Validation of tERGMs on synthetic networks. (a) The sequence of connectivity matrices representing a time-varying synthetic network. Unweighted and undirected networks are generated by a model that reproduces the large-scale reconfiguration changes after stroke. Interhemispheric integration and within-hemisphere segregation are obtained by allowing the formation of temporal edges E between blocks and temporal triangles T within blocks. Blocks (i.e. red squares) represent here two different systems, e.g. the hemispheres (Material and methods). (b) Cumulative counts of E and T between consecutive time steps for the synthetic temporal network. (c) Prediction performance: area under the curve for the receiver operating characteristic (AUR, red curve) and precision recall (AUP, blue curve) of the out-of-sample link prediction in the networks simulated by the tERGM. Different curves correspond to different time steps. (d) Validation: modularity Q values for (i) the actual time-varying synthetic network (black line), (ii) the ones simulated by the tERGM (green line) and (iii) those simulated by a static version of the ERGM where the graph metrics were just accounting for the presence of interhemispheric edges and within-hemisphere triangles in each time point (grey line) (electronic supplementary material, text S1).

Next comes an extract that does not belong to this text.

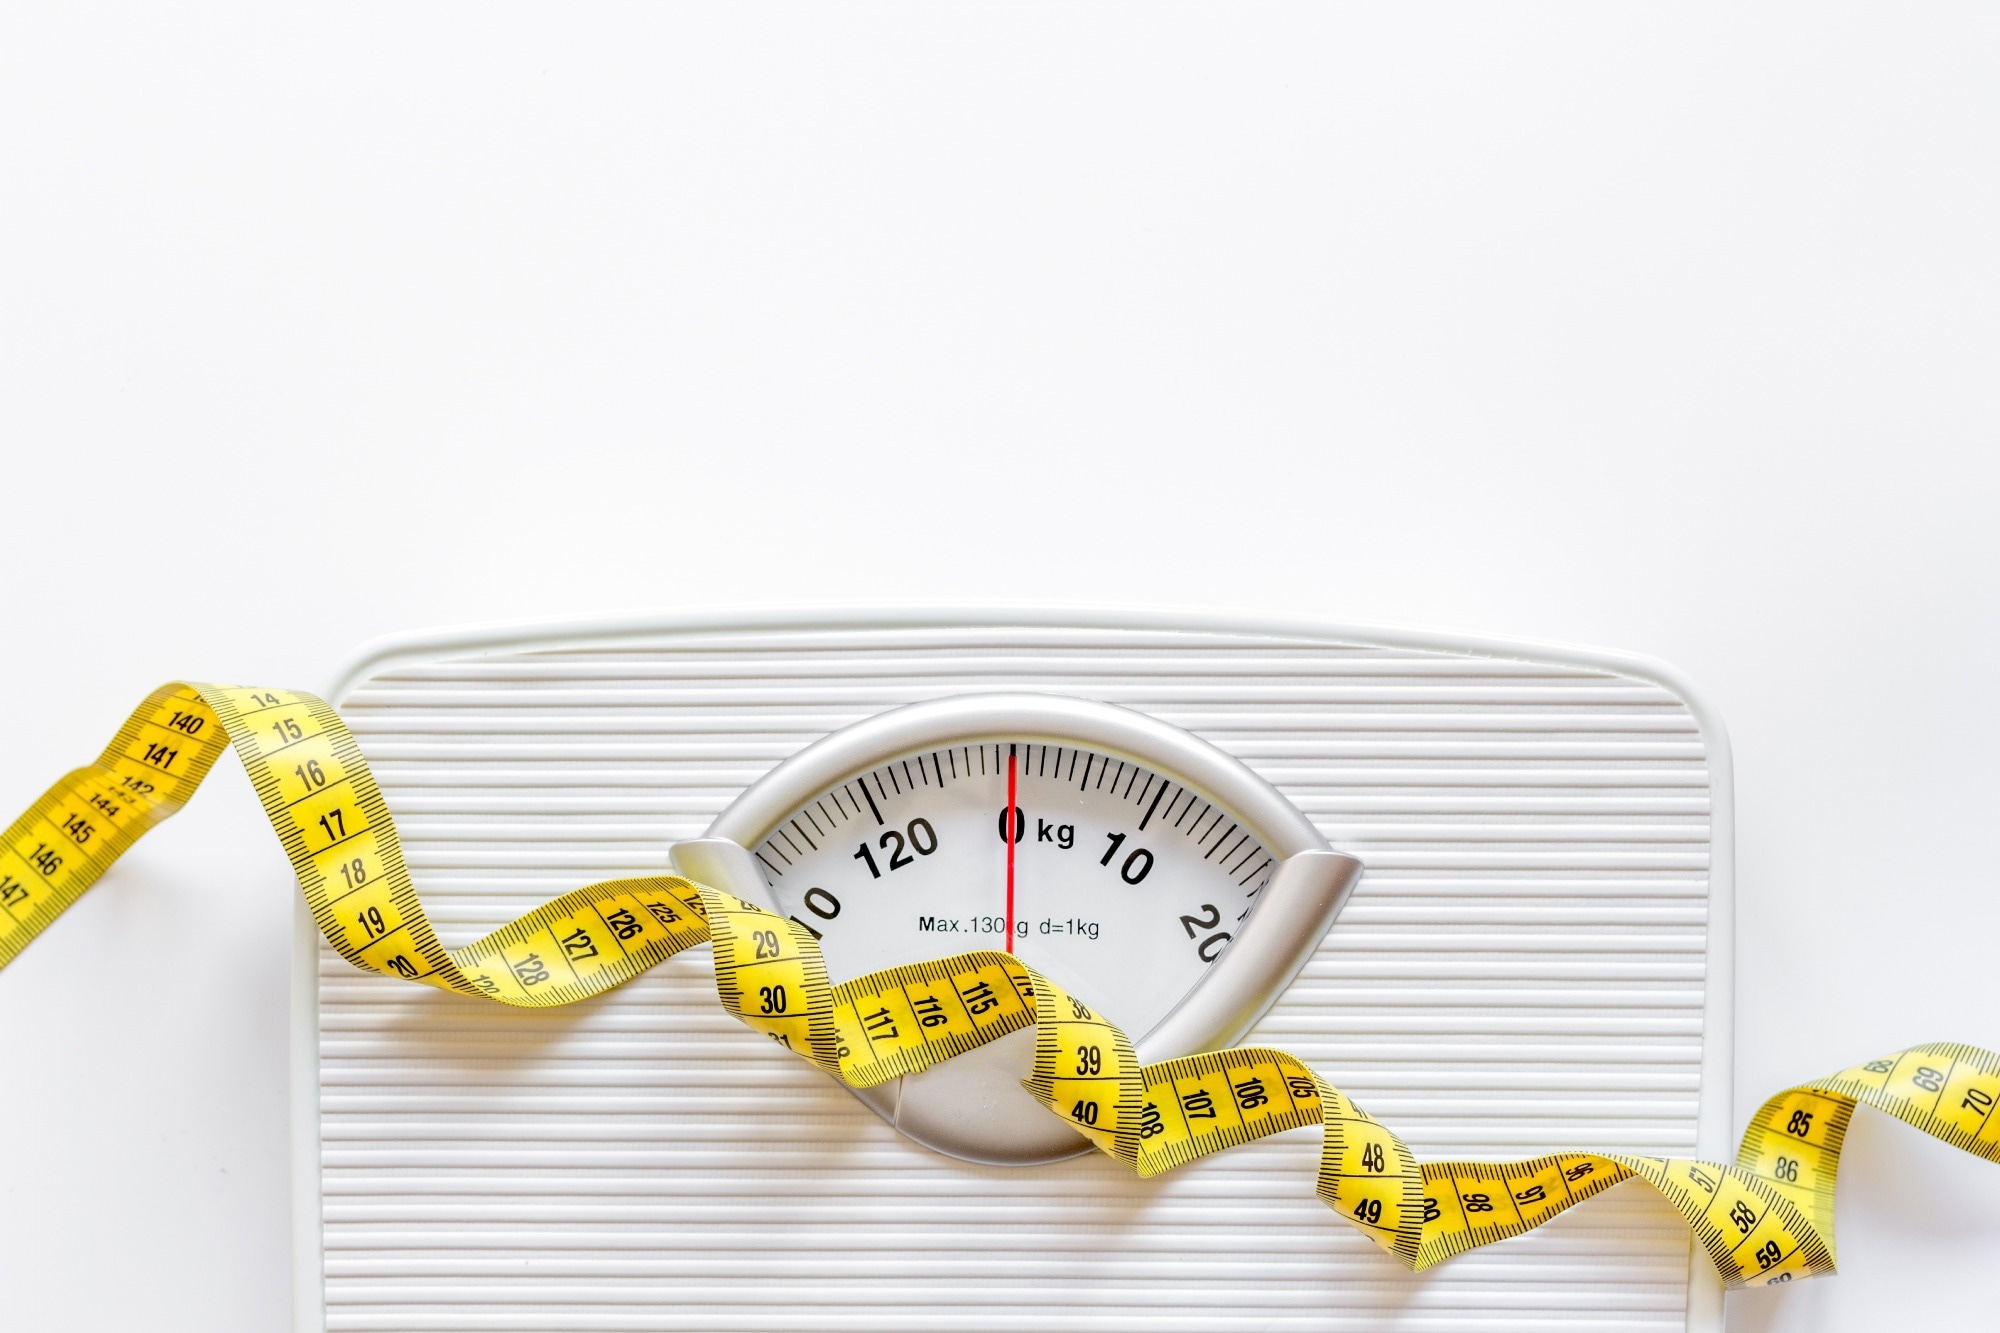 Study: Cancer Diagnoses After Recent Weight Loss. Image Credit: 279photo Studio / Shutterstock

To evaluate the extent to which these two connection mechanisms were sufficient to reproduce observed networks we adopted a general framework based on tERGM. Results showed a high goodness-of-fit in terms of link prediction capacity (mean AUP = 0.51, s.d. = 0.05 and mean AUR = 0.82, s.d. = 0.01) (figure 2c). Both temporal parameters yielded positive values indicating that they significantly characterize the temporally dynamic network (θT = 0.54, θE = 0.49). Furthermore, we showed that the tERGMs captured global integration and segregation changes, here quantified by the expected decreasing network modularity Q [24] (figure 2d). Instead, when using equivalent static graph metrics (electronic supplementary material, text S1), we obtained a significantly lower goodness-of-fit (mean AUP = 0.22, s.d. = 0.01 and mean AUR = 0.59, s.d. = 0.05), and the resulting model failed to reproduce the actual network modularity trend (figure 2d).

Similar results were obtained when using a relaxed version of the temporal triangles, i.e. T=ijkAikt1Akjt1 (1Aijt1)Aijtδikδkjδij, to explicitly include the presence of usual triangles at time t (electronic supplementary material, figure S1A). In a supplemental analysis, we eventually verified that simulated homogeneity violation in the rewiring process did not diminish the goodness-of-fit of our tERGMs, thanks to the introduction of the stability term parameter (equation (2.5); electronic supplementary material, figure S1B).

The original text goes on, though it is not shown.